As far as I can tell, Boost Xpressive doesn't have this kind of support built-in.
Well if you need to create a regular expression at runtime (i.e. Letting the user type in a regular expression to search for) you can't use xpressive as it is compile time only.
On the other hand, since it is a compile-time construct, it should benefit more from your optimizer than regex does.
I do enough stuff with Boost.MPL, StateChart, and Spirit that 220KB of compiler warning and errors don't really bother me much. If that sounds like hell to you, stick with Boost.Regex.
If you do use xpressive, I highly recommend turning on -Wfatal-errors as this will stop compilation (and further errors) after the first 'error:' line.
For compilation time, it's no contest. Boost.Regex will be faster*. The fact that xpressive uses MPL will cause compile times to be dramatically increased.
*This assumes you only build the dll/so once
When using the Boost libraries I tend to lean toward the use of header only libraries, due to cross platform compatability issues. The down side of that is that when your compiler reports an error related to your use of the the library, the header only output tends toward the arcane.
Assuming you're using a reasonably recent compiler, there's a pretty decent chance that it includes a regex package already. Try just doing #include <regex> and see if the compiler finds it.
The only trick to things is that it could be in either (or both) of two different namespaces. Regexes were included in TR1 of the C++ standard, and are also in (the final drafts of) C++11. The TR1 version is in a namespace named tr1, where the standard version is in std, just like the rest of the library.
FWIW, this is essentially the same as Boost regex, not Boost Xpressive.
I would try to supplement other people answers by get deeper into topic of compile-time regular expressions(CTR) vs run-time(dynamic) regular expressions(RTR) in a more theoretical way(this topic is implied by OP question indirectly IMHO). Run-time regex are more known and popular(most language core-libraries implementations), i suppose due to historical reasons. They are OK when regular expression is determined at run-time, unlike CTR. Both work on finite state machine basis.
RTR are "compiled" and interpreted by some kind of universal finite state machine(universal means its kind of interpreter which scheme is given at run-time, "compiled" in some internal data structure - when you pass regex string, then interpreted at run-time).
But CTR is "compiled" at compile-time and are specific for particular regex, so you can't use them, when regex is given at run-time(applications like text editors, file/internet search engines).

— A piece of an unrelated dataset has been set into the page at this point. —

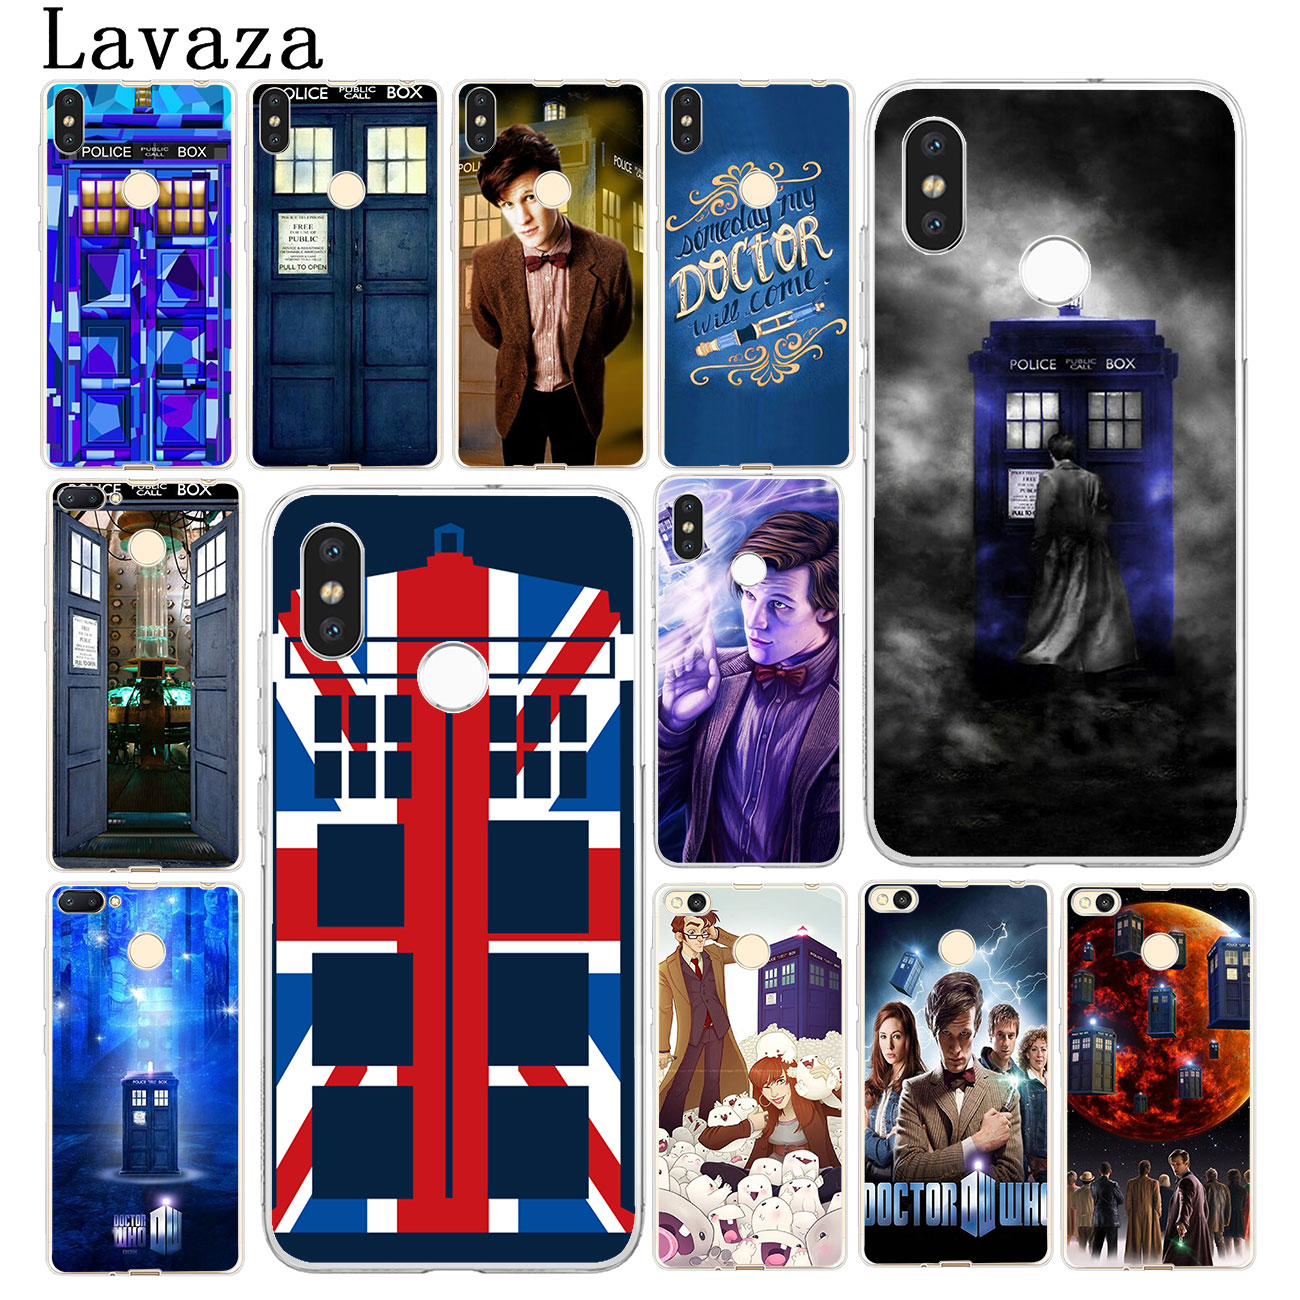 Able Lavaza Tardis Box Doctor Who Phone Shell Case For Xiaomi Mi 9 8 A2 Lite Se A1 Pocophone F1 6 6x 5s 5x Max 3 Mix 2s Cover Mi9 Mi8 Phone Bags & Cases

But they are a priori more efficient(theoretically however) as customized in compile-time finite state machine will be efficient, than interpreter with table-preset scheme of this machine(some similar cases are reflection field access vs compile-time access, or specialized function optimized for some fixed parameter as pointed out there). Another advantage is compile-time syntax checking. CTR can be implemented through meta-programming and/or code generation.
As for specific implementations - there are many RTR, but not so numerous CTR. For C++ they are above mentioned Boost and STL C++0x11 implementations. You may need them for optimizing regex perfomance/size of generated code/memory usage, mostly relevant for embedded systems or high perfomance specific applications.
SO question about CTR
Finding CTR-implementations is harder, one example if found is Re2C Code generator project, Java CTR implementation and C# implementation featuring run-time compilation(into IL code, not internal data structure) of Regex [there is SO question about it]
P.S. Sorry, couldn't post some relevant links due to reputation
Related
I am looking at various STL headers provided with compilers and I cant imagine the developers actually writing all this code by hand.
All the macros and the weird names of varaibles and classes - they would have to remember all of them! Seems error prone to me.
Are parts of the headers result of some text preprocessing or generation?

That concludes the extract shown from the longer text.